We developed a novel approach for antimicrobial resistance classification from MALDI-TOF mass spectra. By using a GP classifier, our method is specifically designed to stay reliable in the face of real-world clinical prediction challenges, such as the task of labelling unseen bacterial isolates. Using the presented novel kernel—PIKE—our method outperforms traditional classification algorithms while being able to provide uncertainty estimates for its predictions. Moreover, we challenged common assumptions concerning the pre-processing and developed a novel simplified pre-processing method based on ideas from computational topology. Our work thus constitutes a crucial step towards the goal of further reducing the time to provide precise antimicrobial treatments for patients while reducing the prescription of ineffective antibiotics. We hope that this will encourage additional method development for antimicrobial resistance prediction based on MALDI-TOF mass spectra.

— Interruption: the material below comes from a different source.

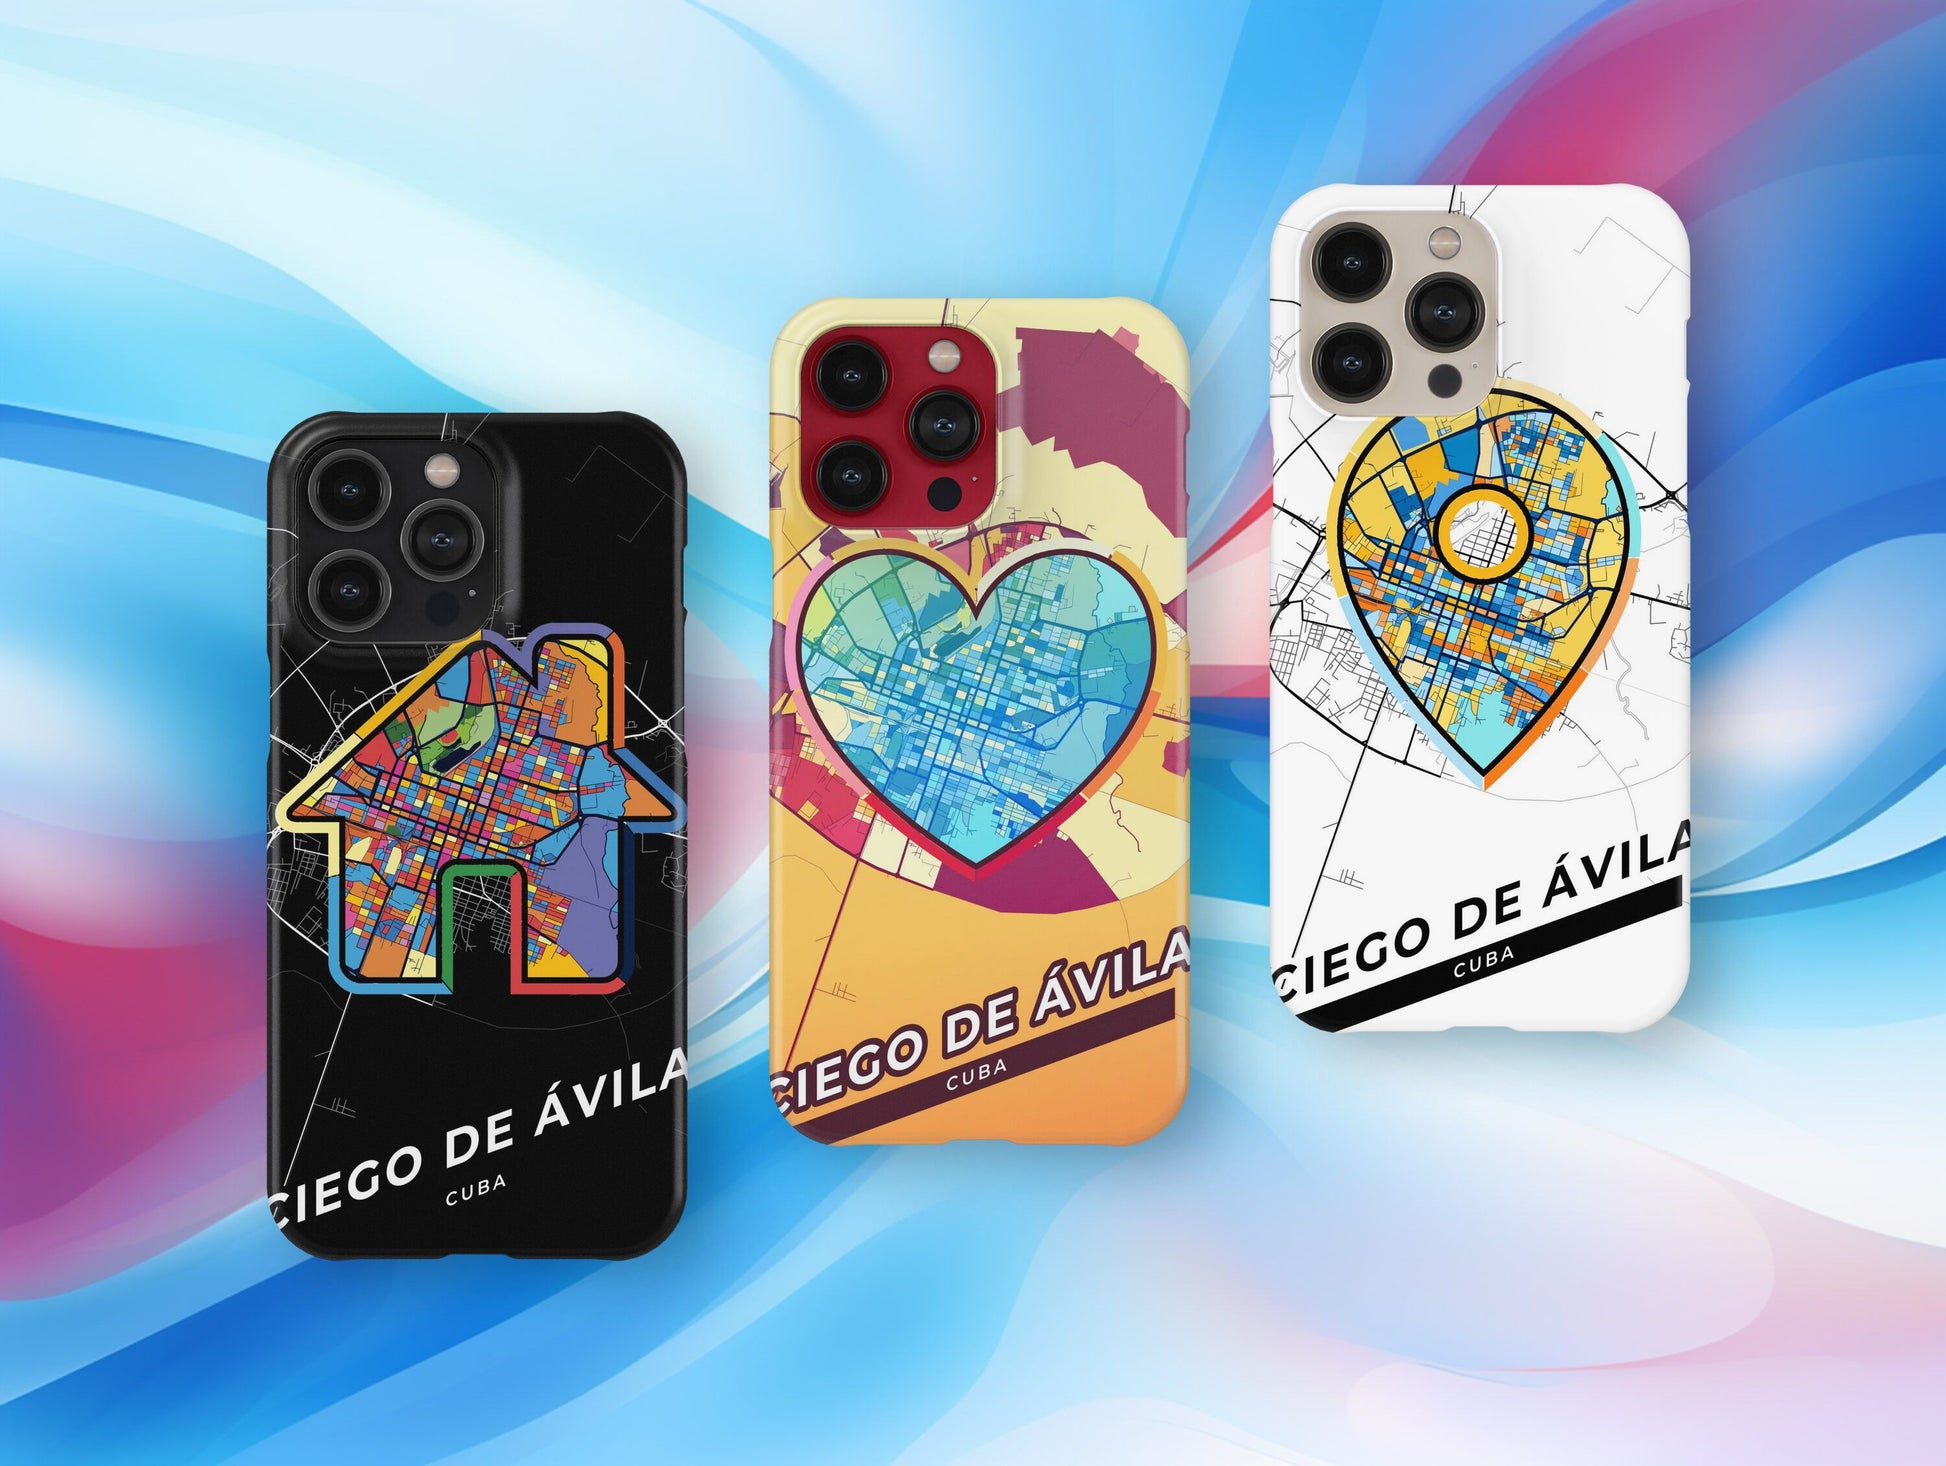 Ciego De Ávila Cuba slim phone case with colorful icon. Birthday, wedding or housewarming gift. Couple match cases.
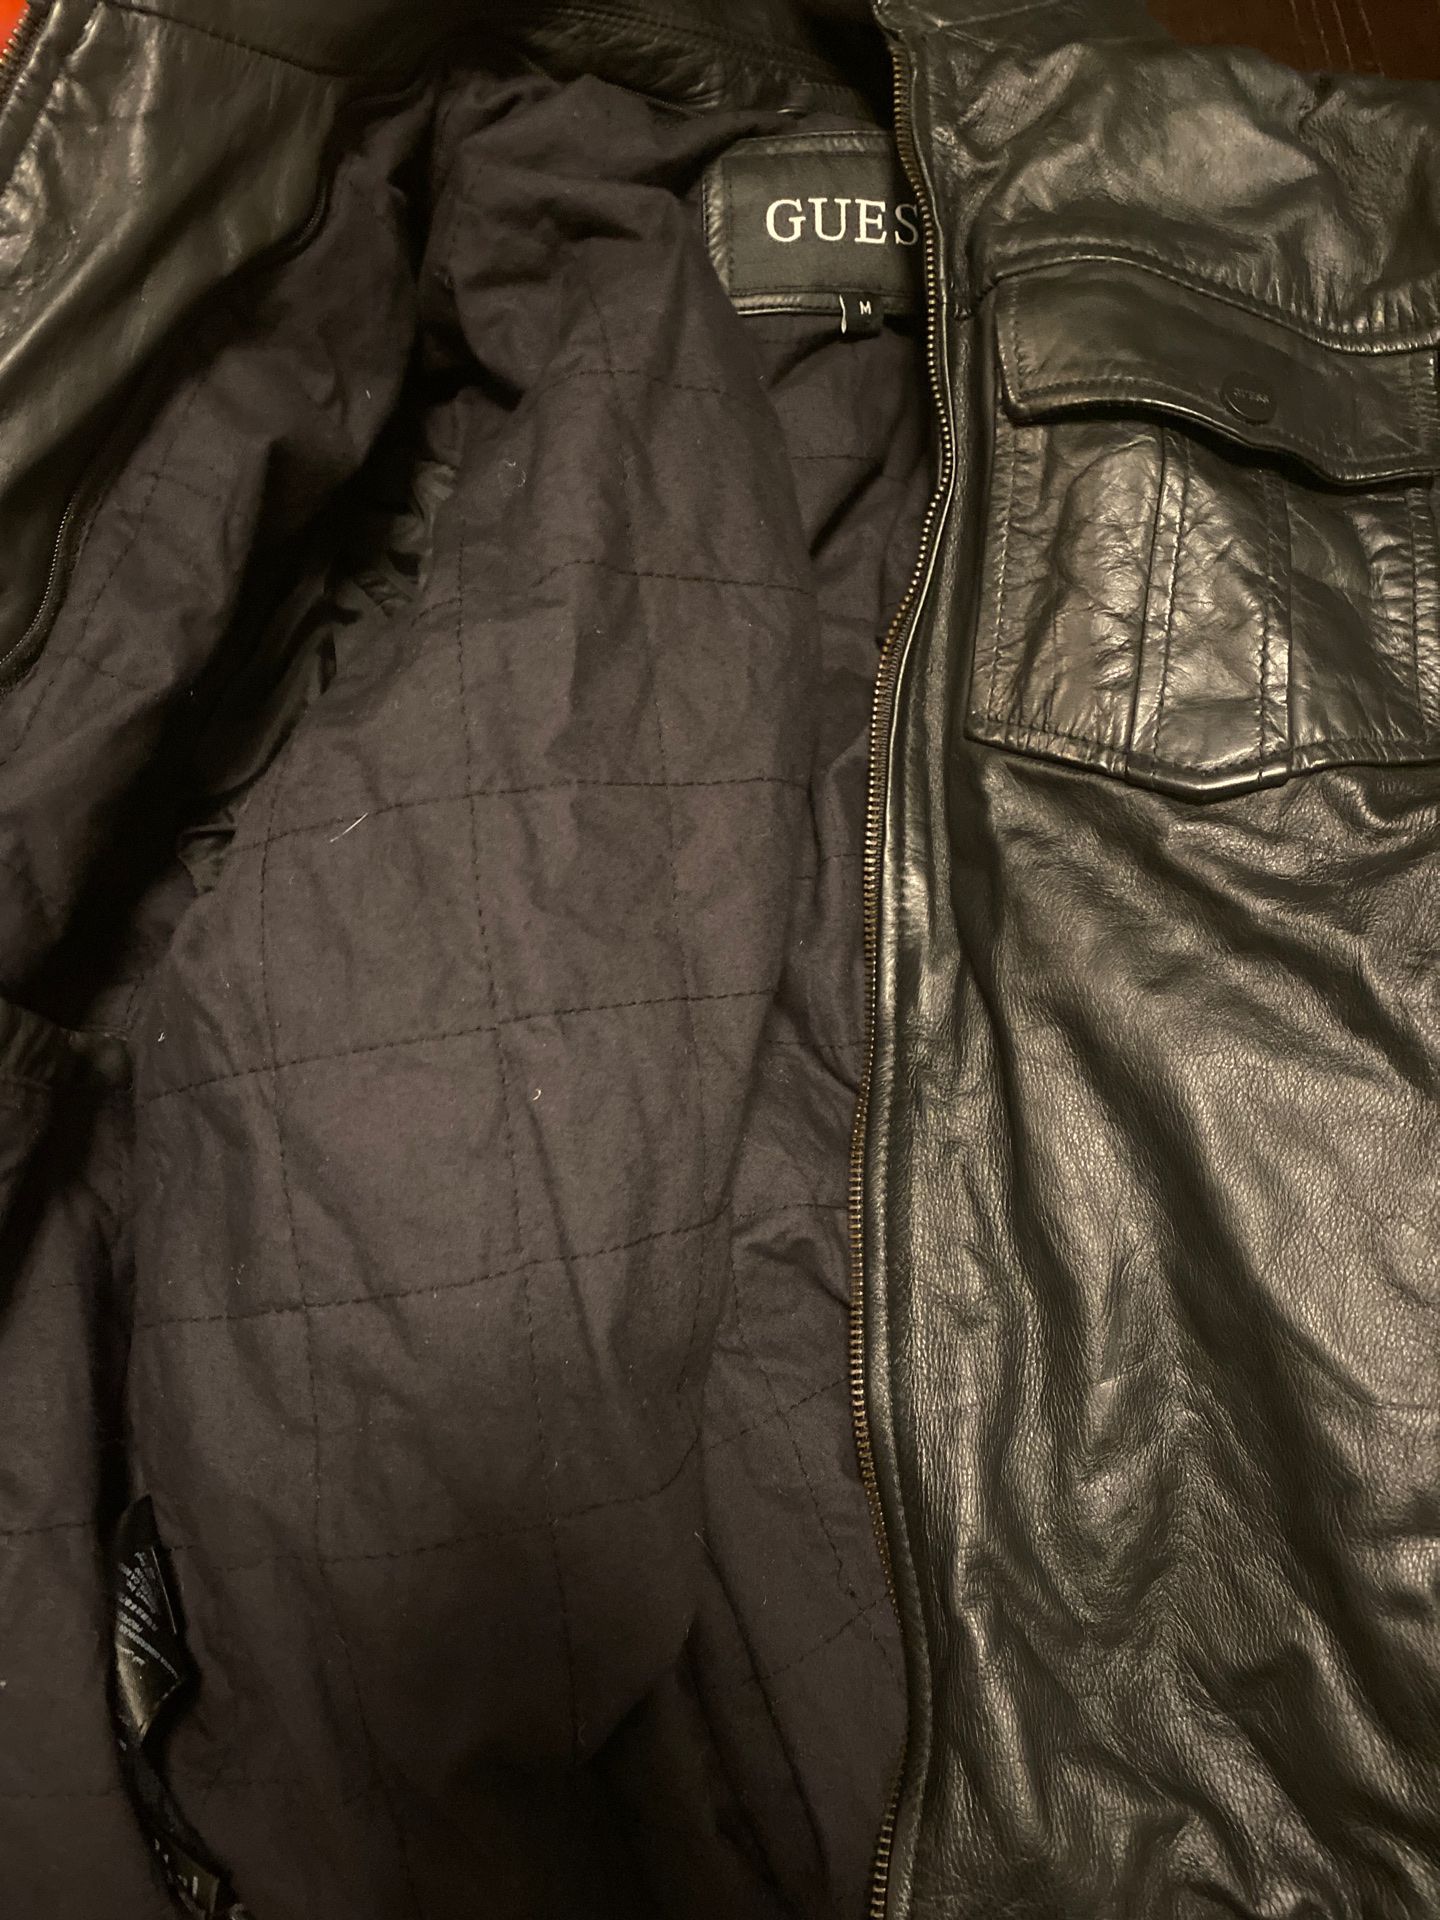 Guess leather jacket (medium)

Future work. Further assessment of the influence of pre-processing parameters on antimicrobial phenotype prediction is needed. Moreover, the utility of our confidence analysis could also be analyzed in additional scenarios of the clinical practice. Presenting the classifier with isolates collected at different geographical locations would allow to simulate infections contracted outside the local bacteria population, such as infections caught during travel. Additional experiments, such as the comparison of isolates characterized by both DNA sequencing and MALDI-TOF MS, could provide insights into how phylogenetic differences are contained in MALDI-TOF MS spectra and whether they can be recovered. The gained insights could lead to new approaches for improving the train–test split or the reformulation of separate prediction problems for different evolutionary strains.